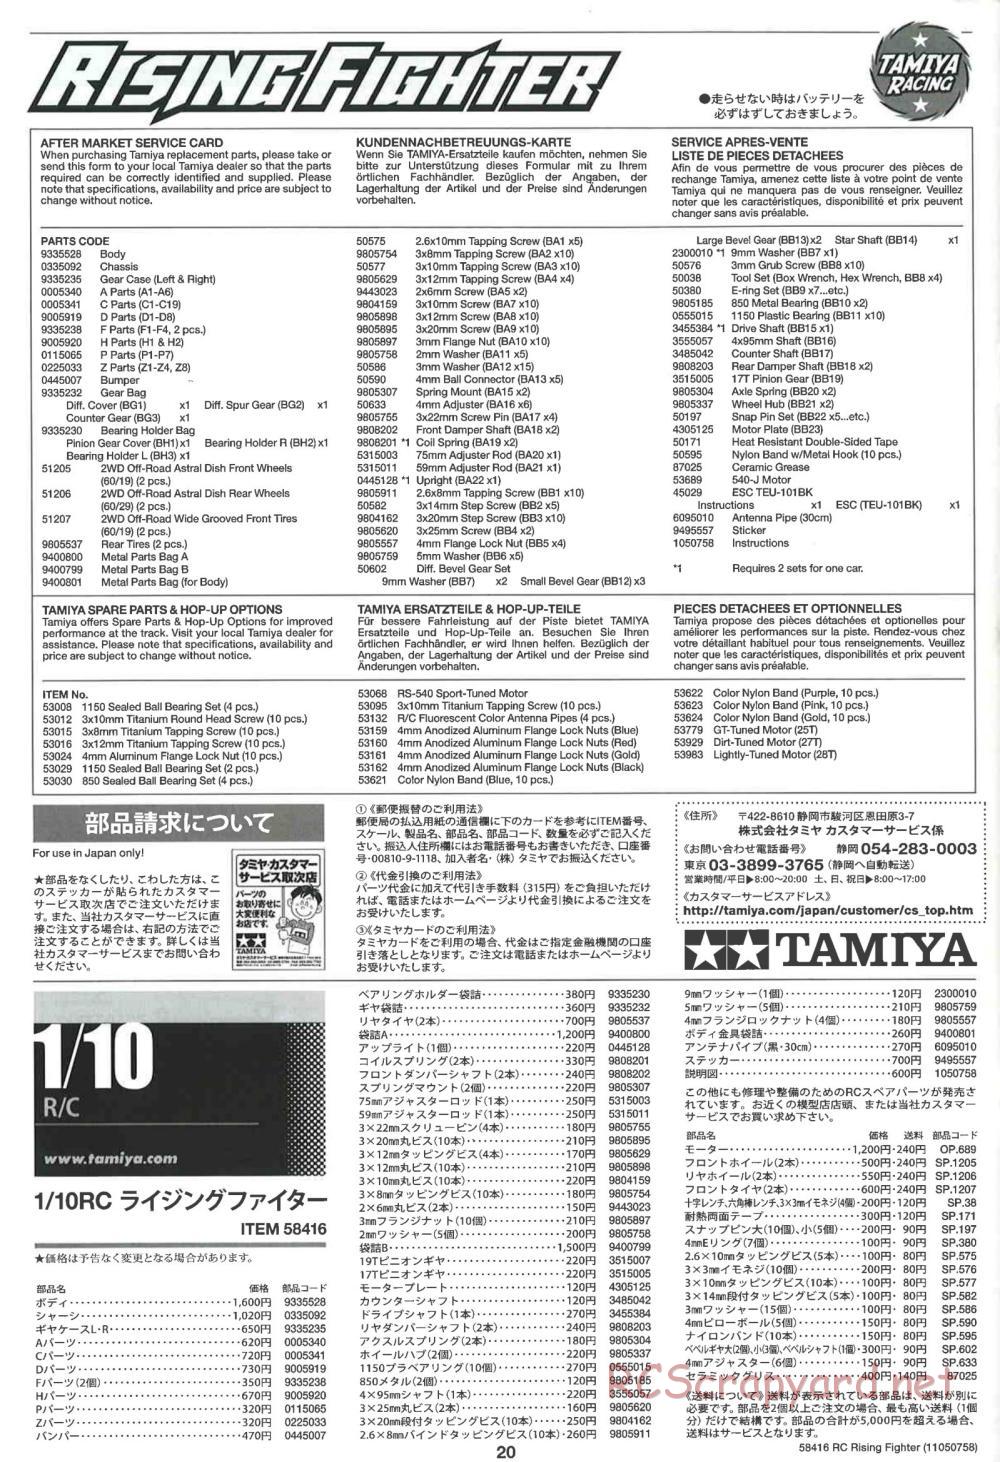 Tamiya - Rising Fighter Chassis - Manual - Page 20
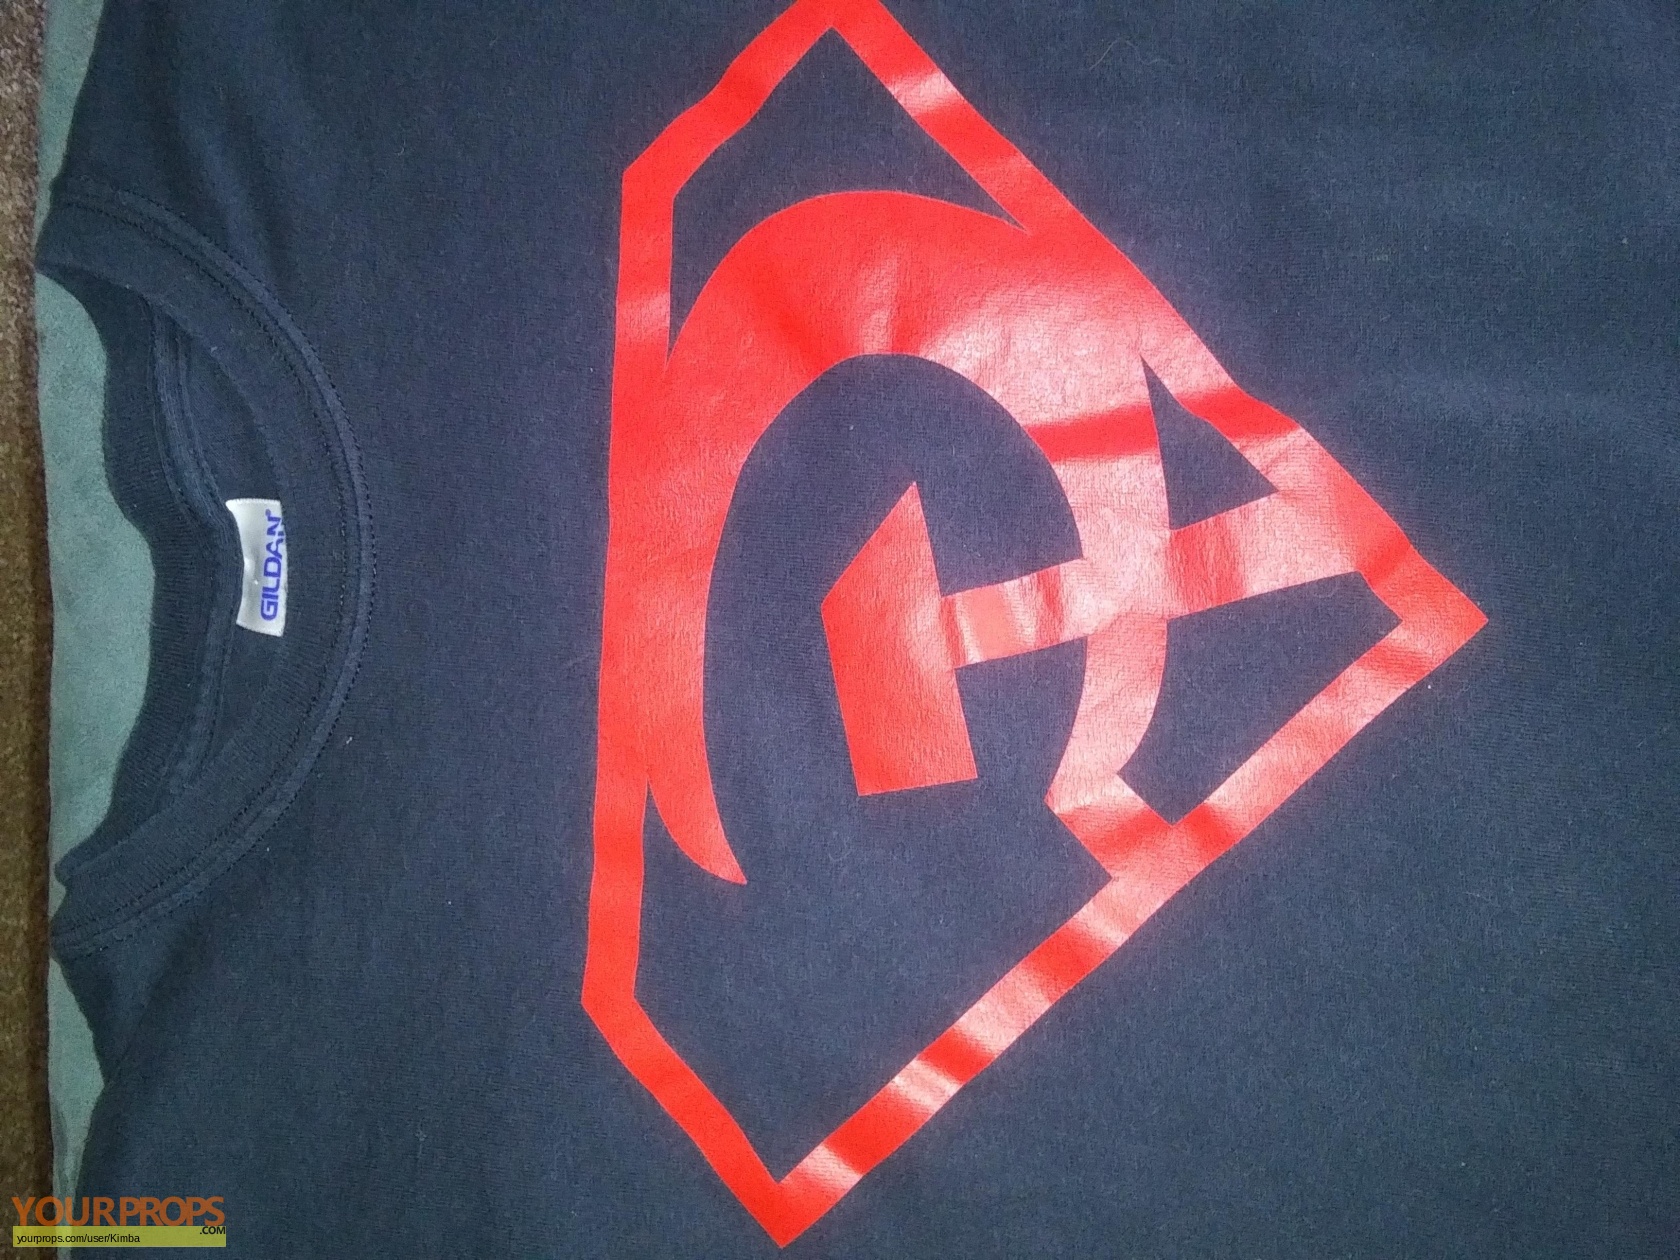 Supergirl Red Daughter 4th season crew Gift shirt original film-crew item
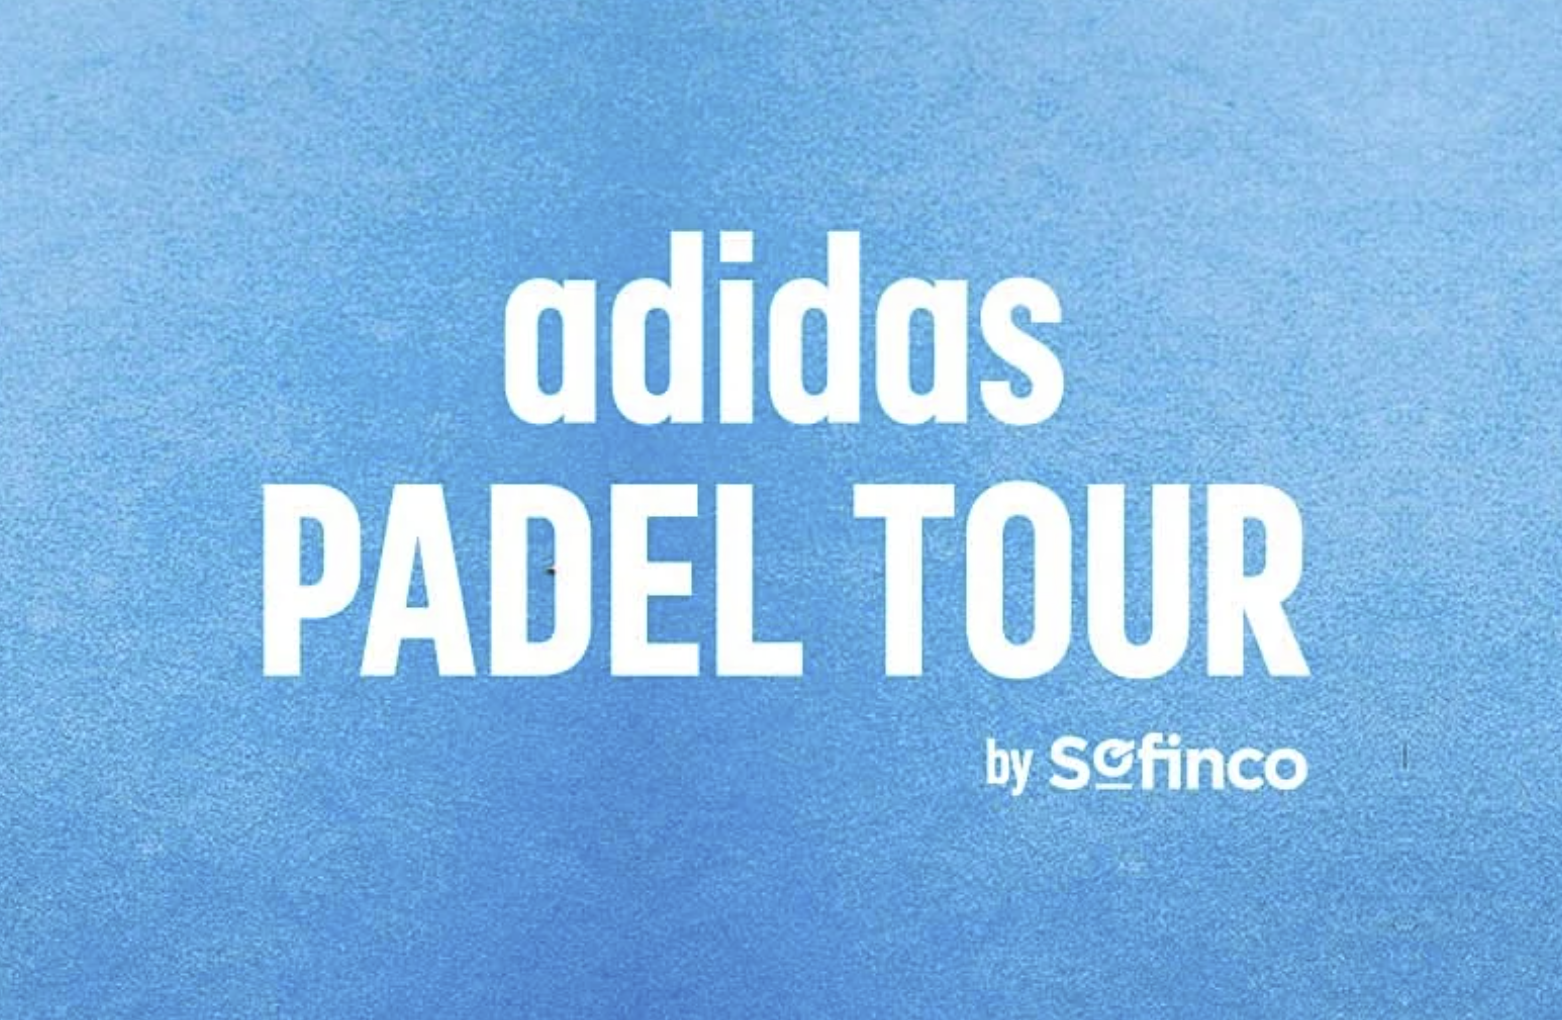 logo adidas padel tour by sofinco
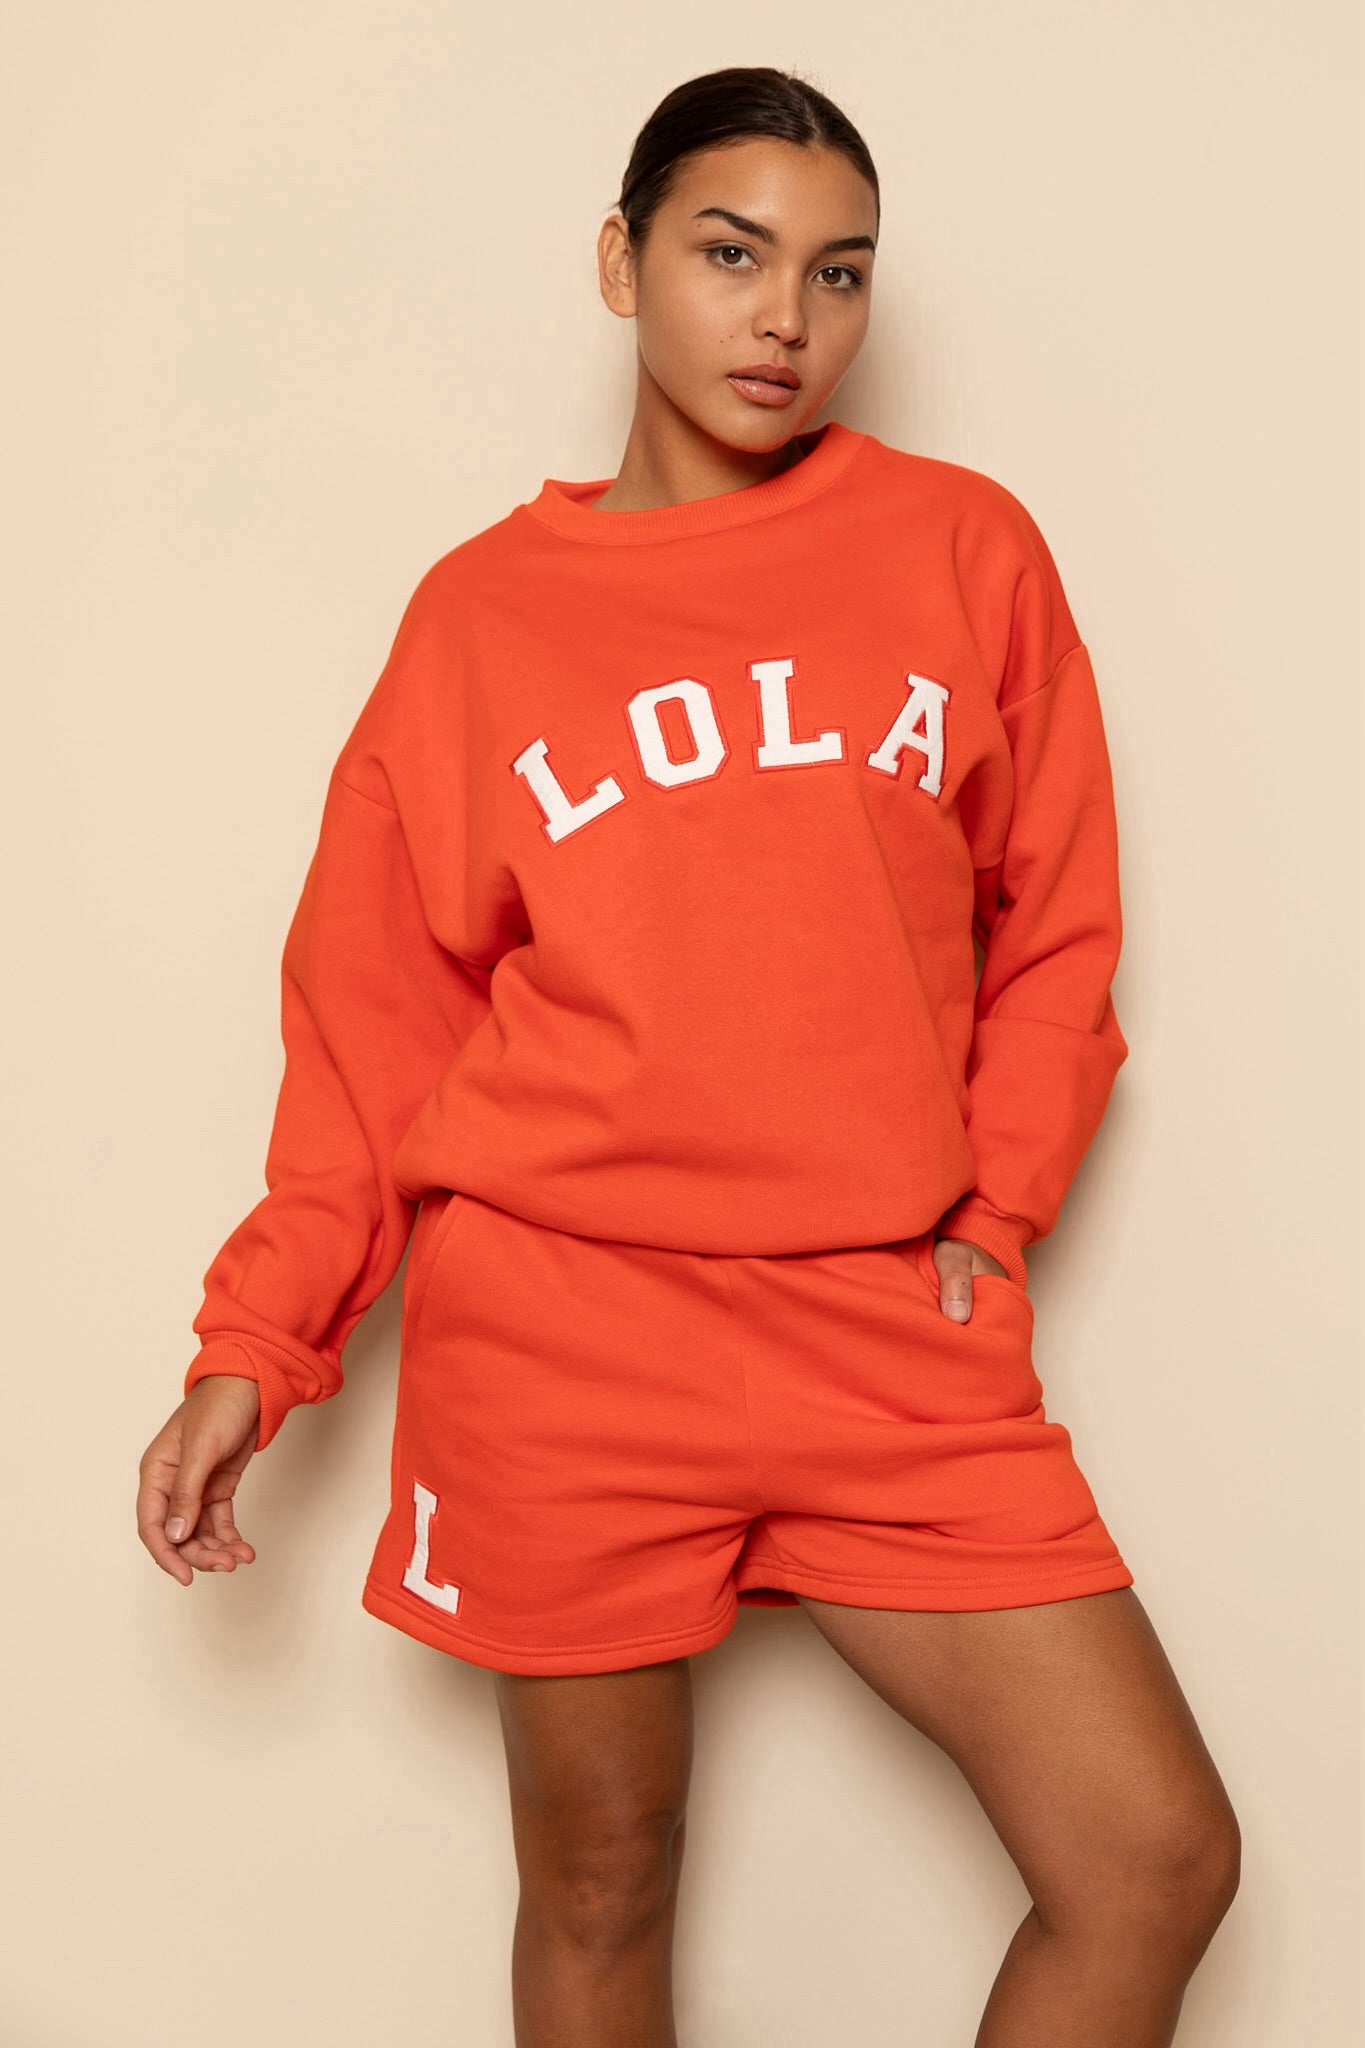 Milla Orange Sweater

:: WORK REQUIRED ::
The lines above must be transcribed exactly, with every picture left out.

:: RESPONSE ::
 Tamiya - Rising Fighter Chassis - Manual - Page 20
 Supergirl Red Daughter 4th season crew Gift shirt original film-crew item
 logo adidas padel tour by sofinco
 Milla Orange Sweater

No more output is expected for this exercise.